• **Provided entries**:
_ _ _ _ _

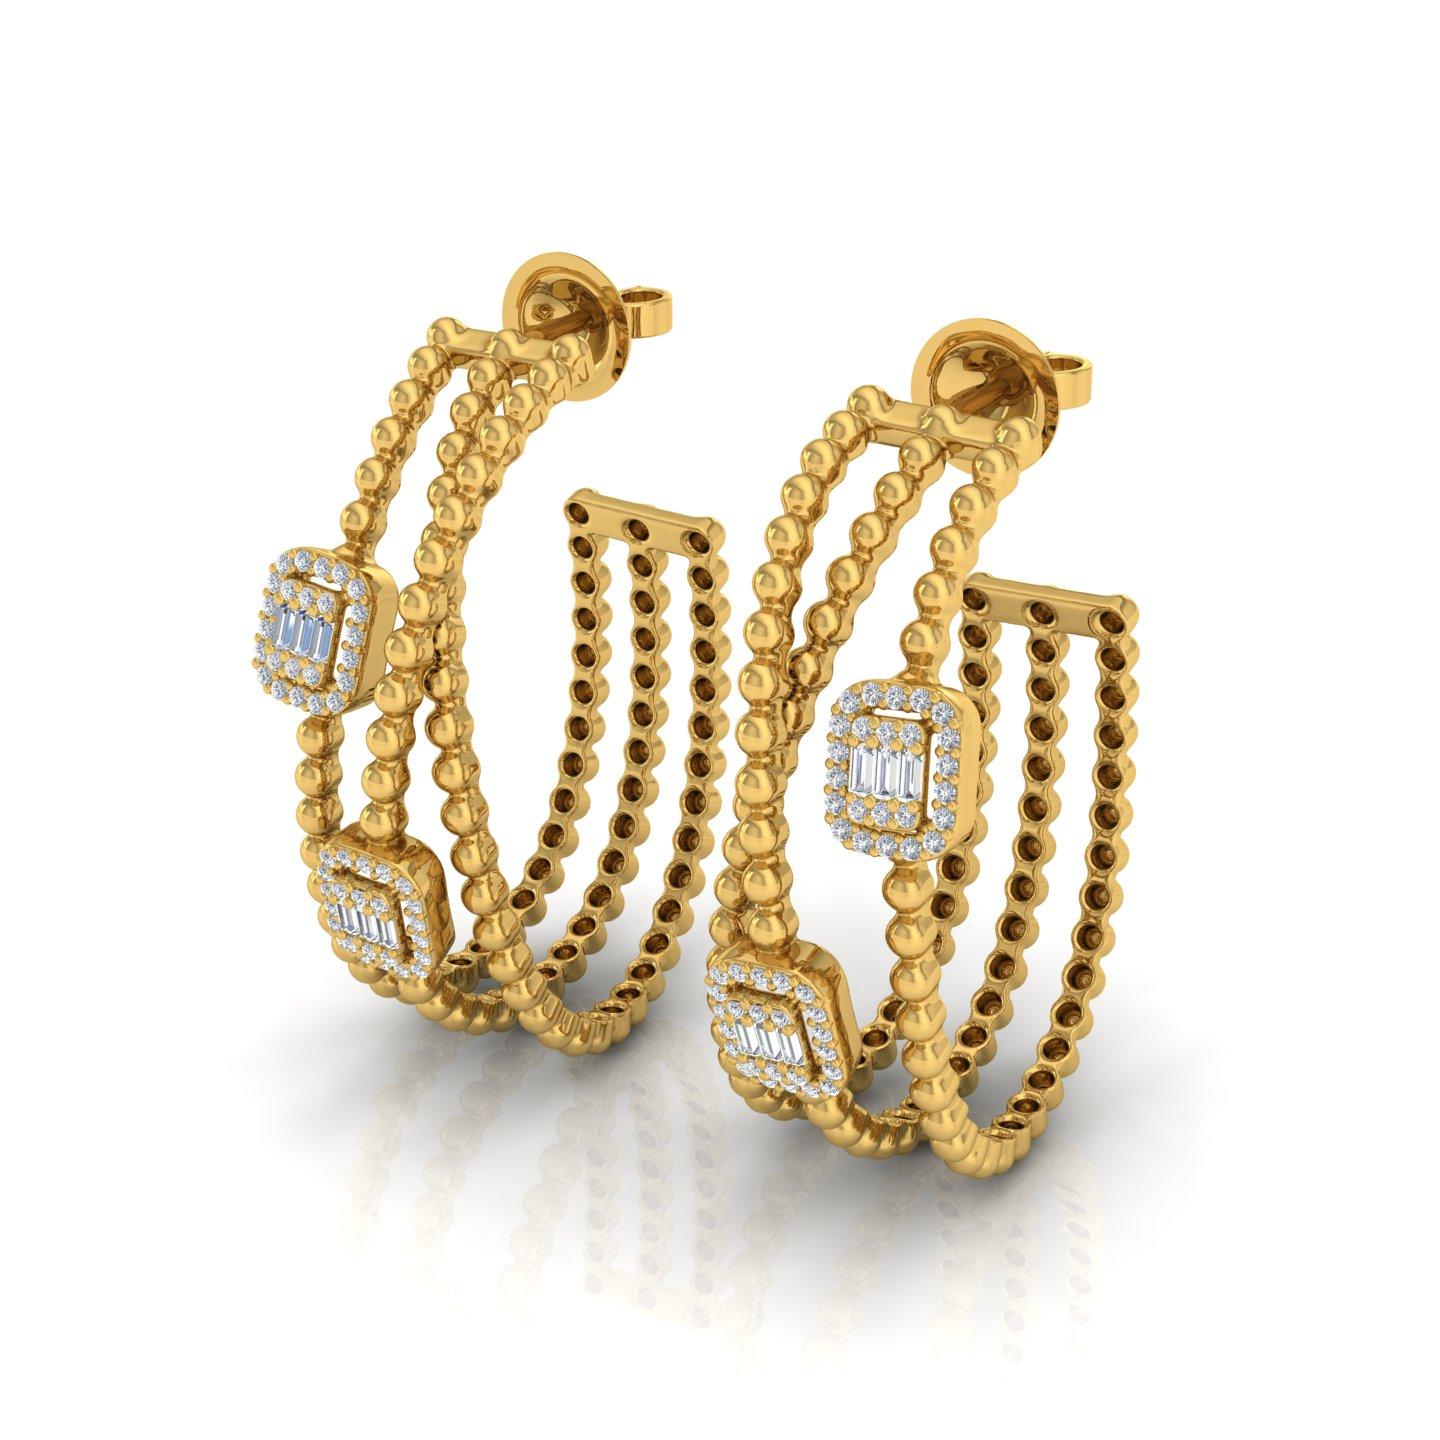 Item Code :- CN-26151
Gross Weight :- 15.07 gm
18k Yellow Gold Weight :- 14.93 gm
Diamond Weight :- 0.70 Carat  ( AVERAGE DIAMOND CLARITY SI1-SI2 & COLOR H-I )
Earrings Size :- 37 mm approx.

✦ Sizing
.....................
We can adjust most items

_ _ _ _ _

• **Work required**: Filter the entries above down to the lines that contain the word "Weight".

• **Task response**:
Gross Weight :- 15.07 gm
18k Yellow Gold Weight :- 14.93 gm
Diamond Weight :- 0.70 Carat  ( AVERAGE DIAMOND CLARITY SI1-SI2 & COLOR H-I )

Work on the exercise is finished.